Sharon Cohen, MD, FRCPC:
I think these recommendations are excellent, and I must say that the part that I like best is that CORE 1 and CORE 7, the first and last recommendations, are very patient-centered. Speak to your patient. Why are we doing this investigation? Do we agree that this is worth pursuing? Finally, what have we learned? Here is my understanding of your diagnosis and my recommendations. What next steps shall we take together?
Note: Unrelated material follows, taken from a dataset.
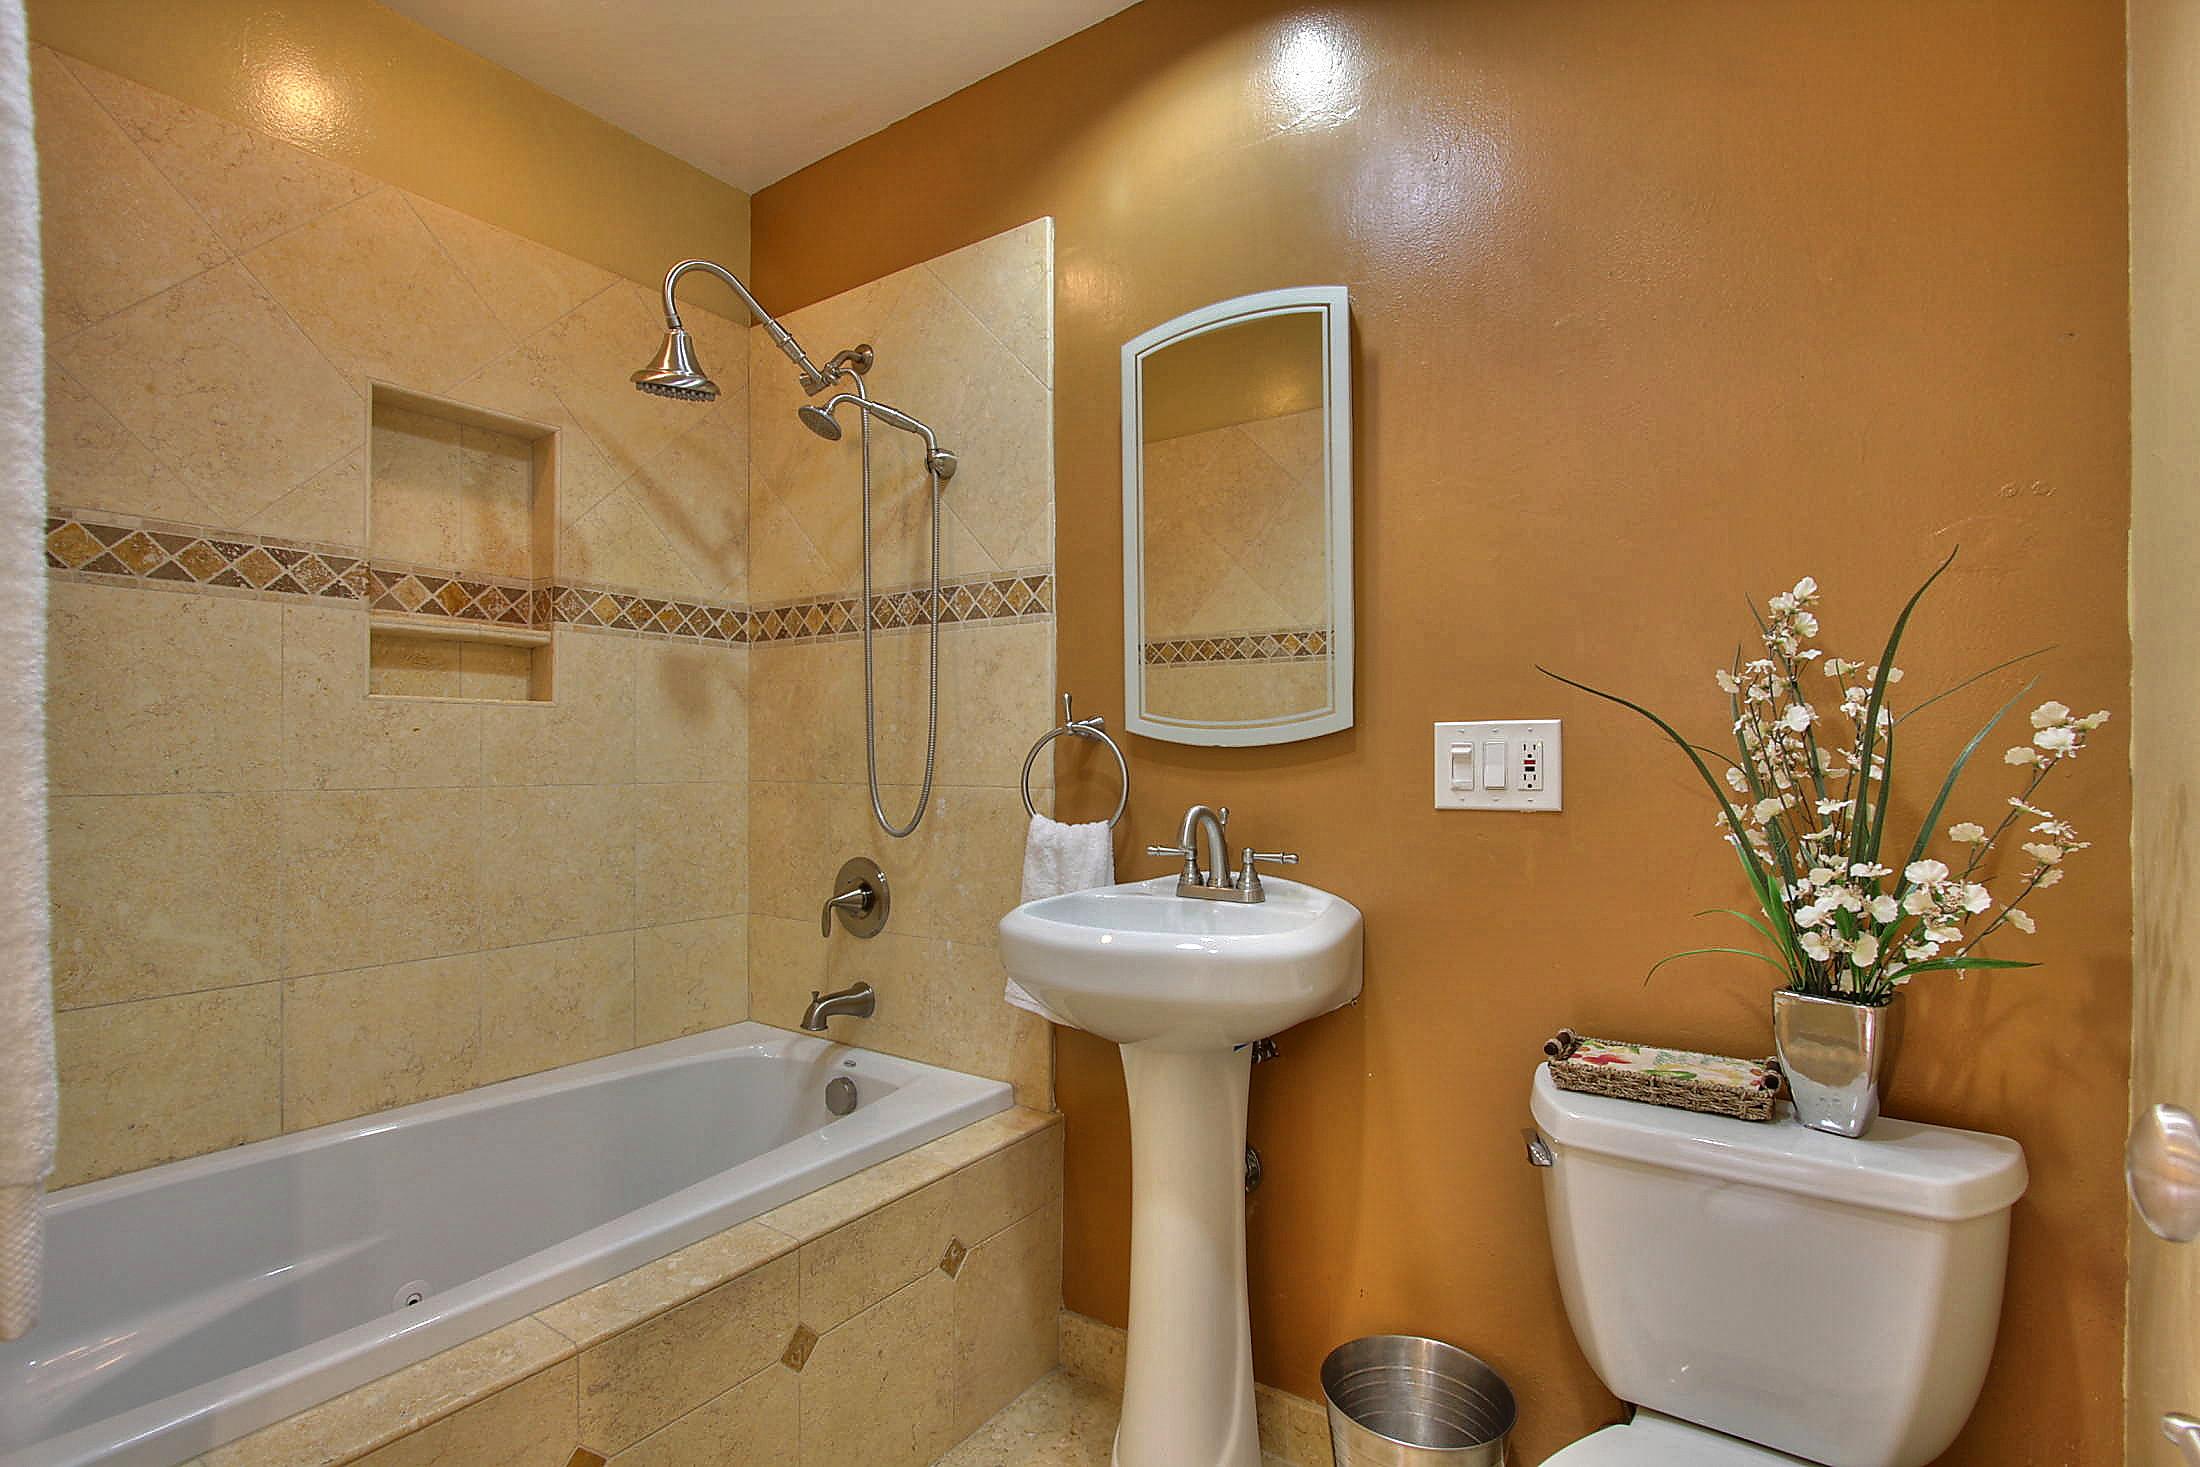 3 Bedroom Home For Sale On The Westside Of Santa Cruz

The importance of patient communication seems so obvious, but as HCPs we are sometimes so busy checking off lab requisitions and ordering tests and scans that we neglect the person in front of us. We are taking them on a journey, and we should ask ourselves whether we have explained to them why we are doing certain tests and asking certain questions. Similarly, we should ensure we spend adequate time explaining what we’ve found and what their next steps might be. I am always dismayed when I find a patient who has not even been told their diagnosis although it is written in their physician's chart.

Alireza Atri, MD, PhD:
We did not aim to create more clinical work, but to empower patients, families, and clinicians to ask for the necessary resources to implement these guidelines within the US healthcare system. With improved knowledge, tools, and resources, HCPs will hopefully be able to more effectively and efficiently go through the processes described to empower patients and families with the autonomy to make their choices heard.